A molecular toolkit for heterologous protein secretion of Bacteroides species
Abstract: Bacteroides species, one of the most abundant and prevalent bacterial populations in the human gut, are capable of long-term, stable colonization of the gastrointestinal tract, making them a promising chassis for developing long-term treatment and prevention for chronic diseases. However, a lack of efficient heterologous protein secretion tools prevents their use as engineered, on-site delivery vehicles for protein-based biologic drugs or disease-responsive reporters. Here, we report a group of lipoprotein signal peptides and full-length proteins that can be used as secretion carriers to secrete functional antibody fragments and reporter proteins from multiple Bacteroides species at high titers. We characterized a number of features of our secretion carriers in vitro and validated their activity in vivo. This toolkit expands the potential therapeutic impact of stably-colonizing commensal bacterial strains, enabling them to deliver protein-based therapeutics from within the gut over long periods of time, which may support more effective treatment strategies for chronic gastrointestinal diseases.

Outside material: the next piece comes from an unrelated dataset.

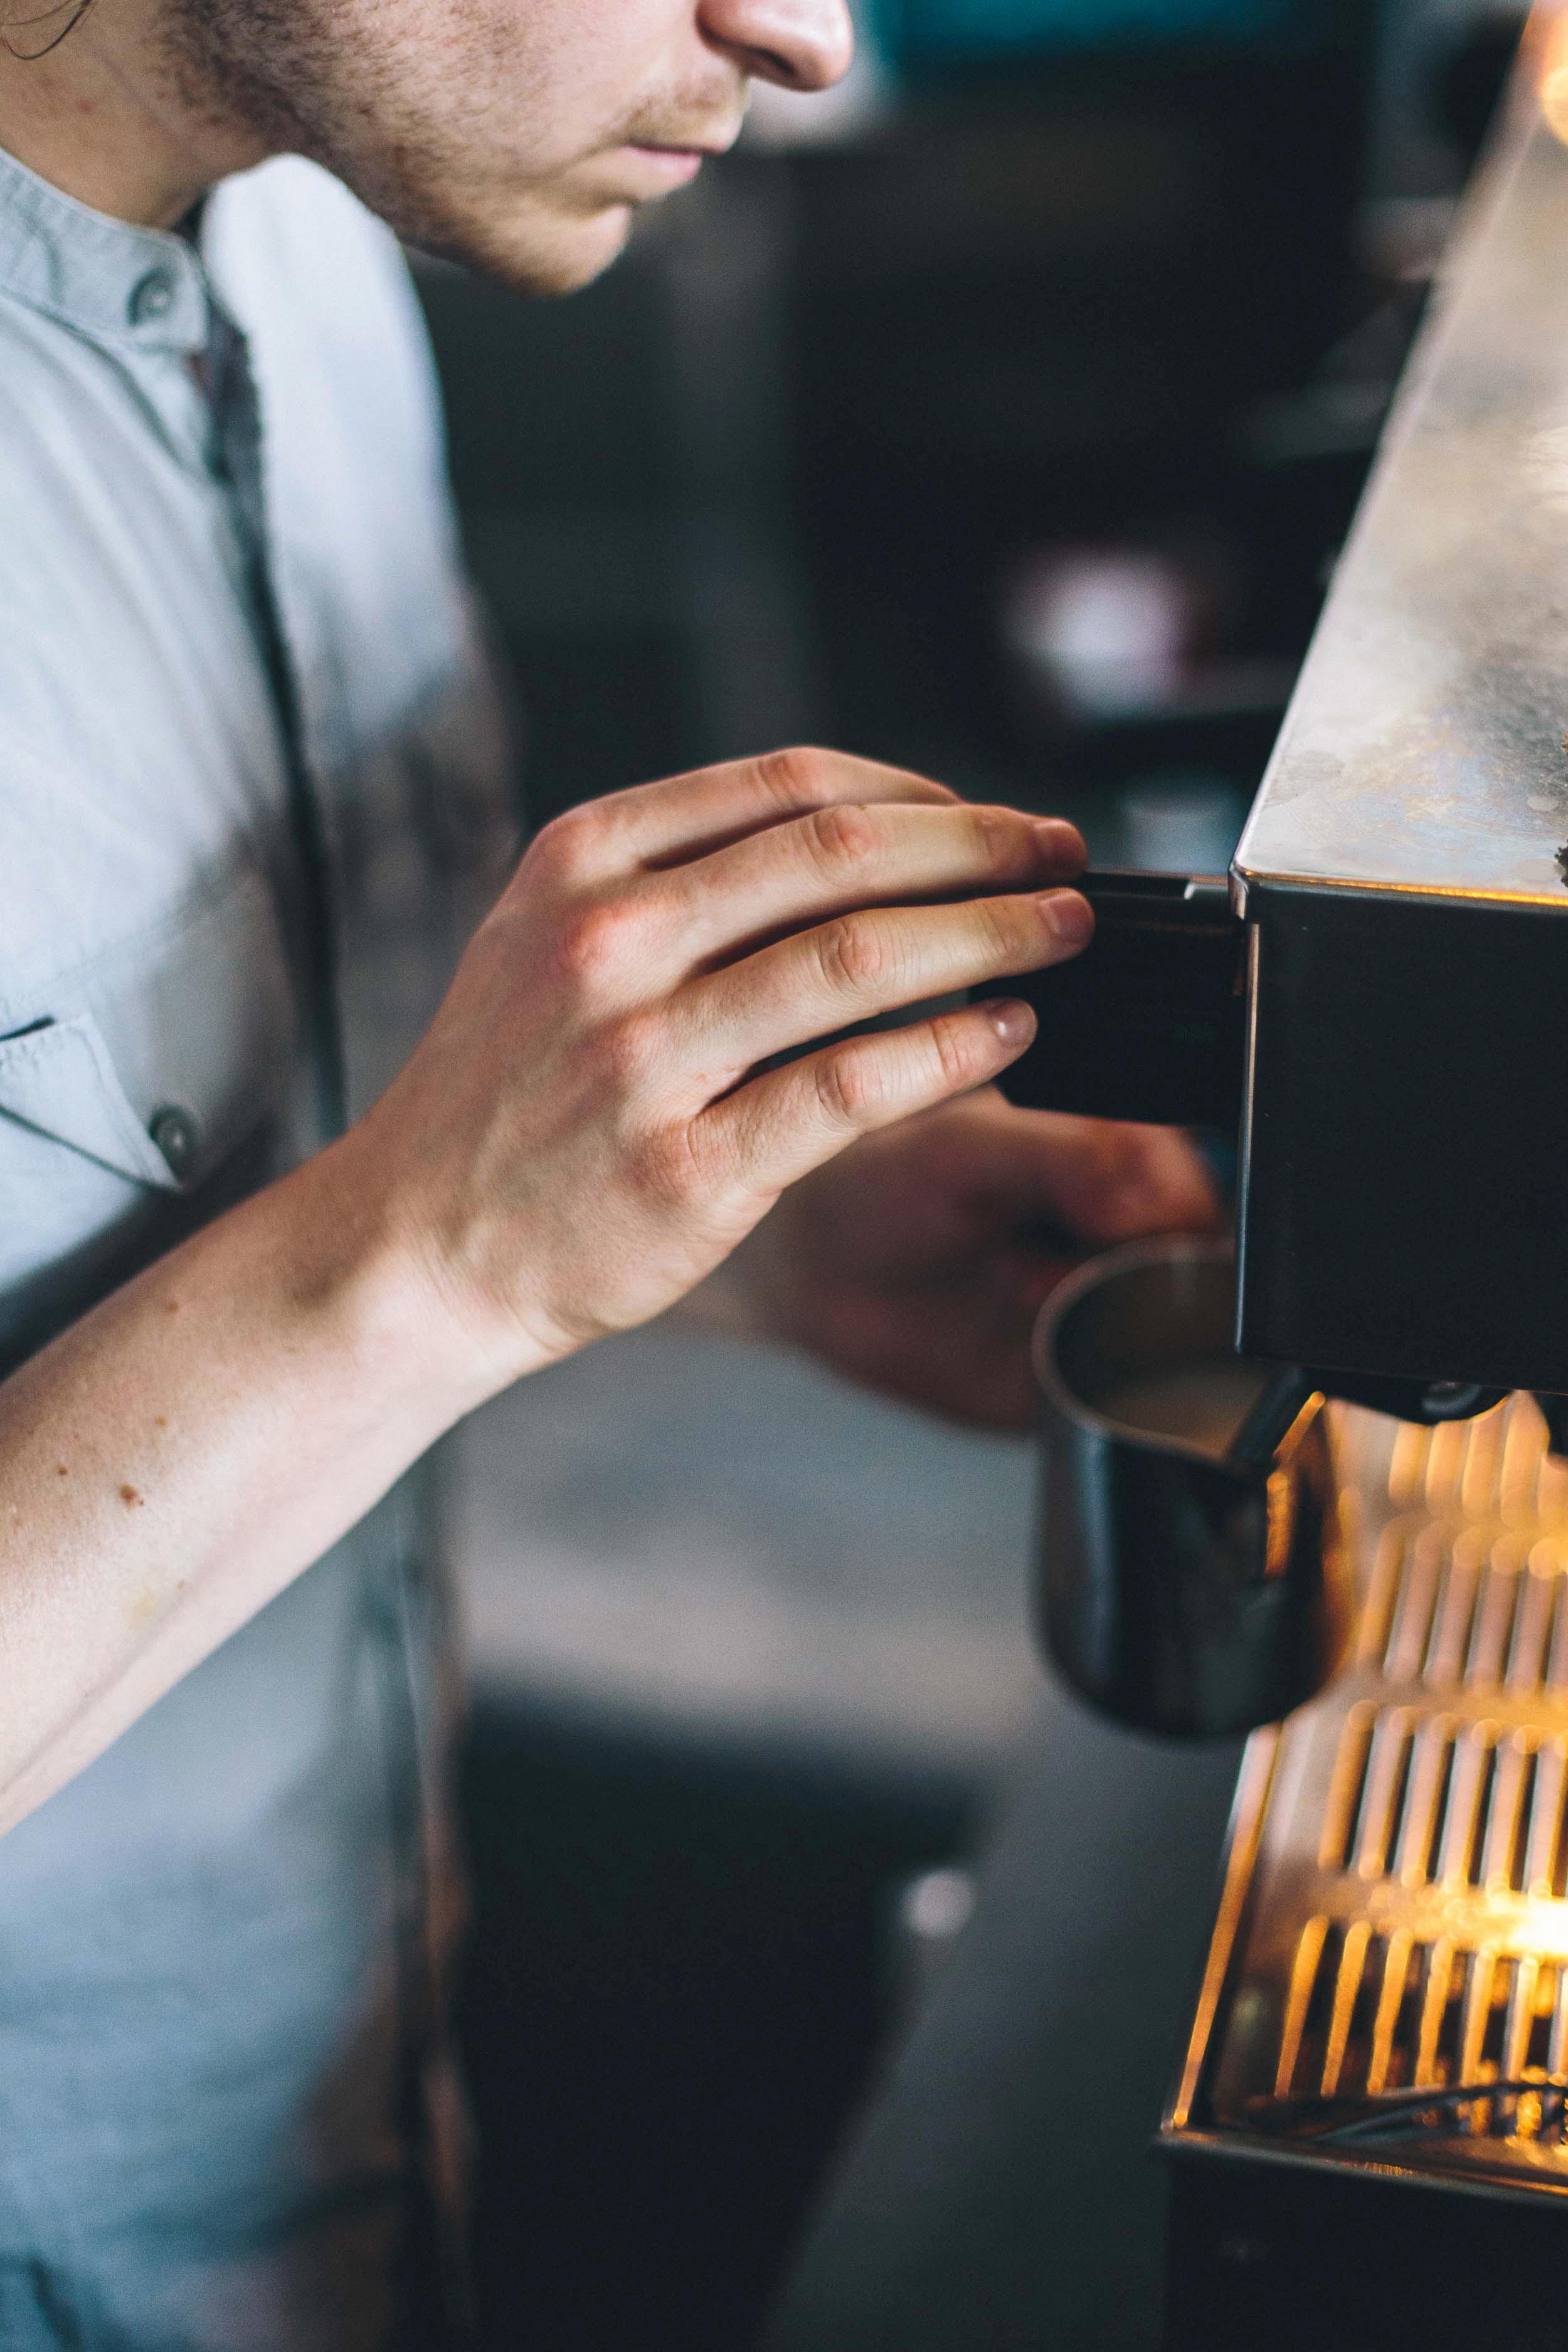 jimmy-rowalt-atlanta-coffee-food-drink-photography-067.jpg
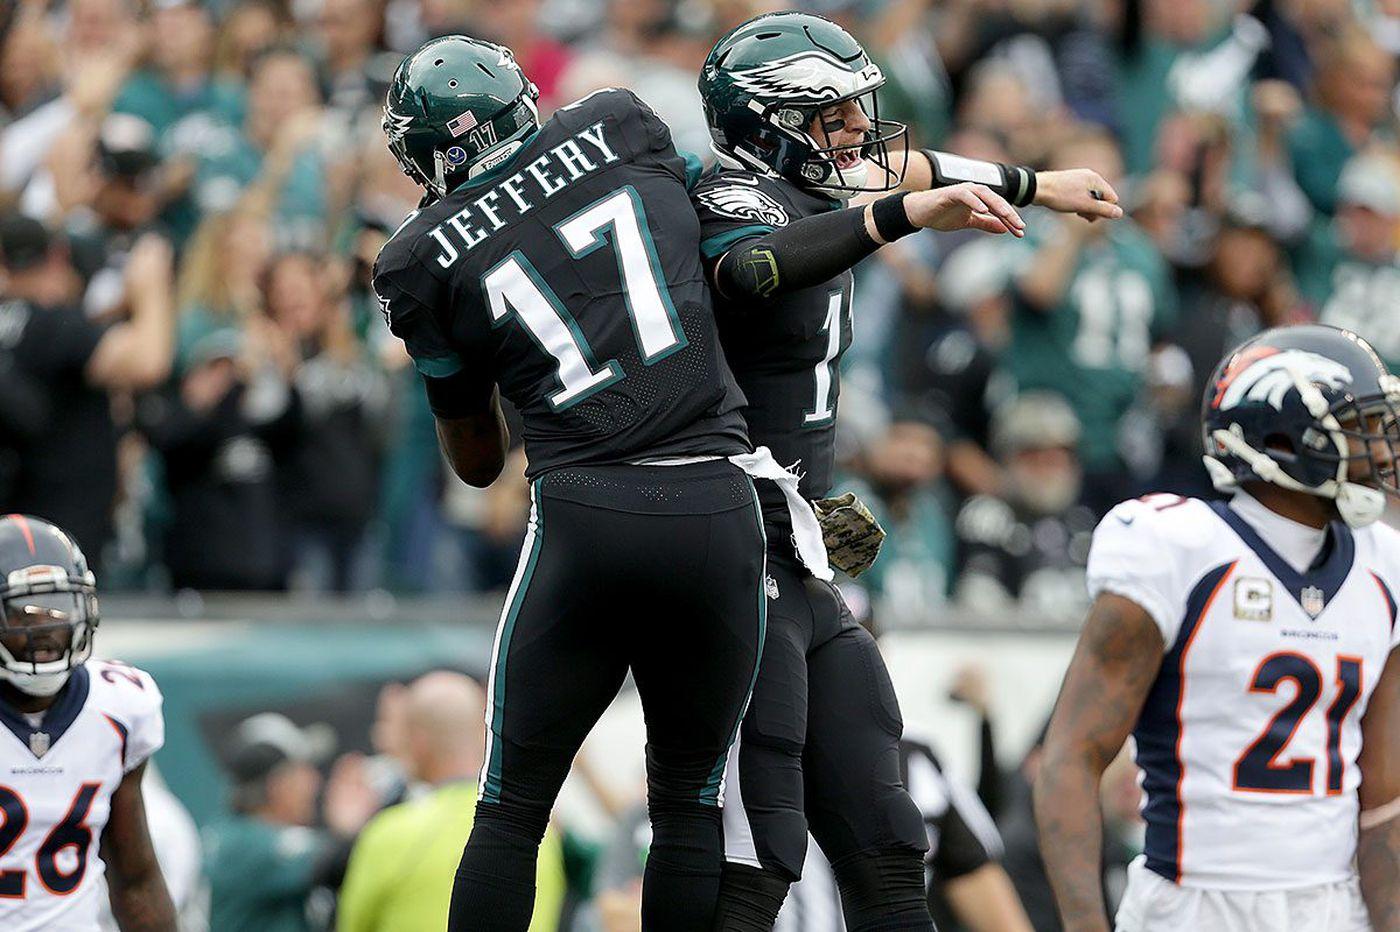 Eagles 51, Broncos 23: Carson Wentz, Corey Clement lead dominant win

Bio: I have earned my bachelor’s degree in life science (2017) and master’s degree (2019) in genomic science from National Yang-Ming University in Taiwan. I started my PhD study from 2021 in the Department of Bioengineering at University of Illinois Urbana-Champaign. I am now a 3rd-year PhD student in Dr. Shannon Sirk’s lab, working on engineering gut commensal microbes as therapeutics. My research interest is synthetic biology, including bacterial therapeutics, protein engineering, synthetic gene circuit design, cell therapy, and biotechnology development.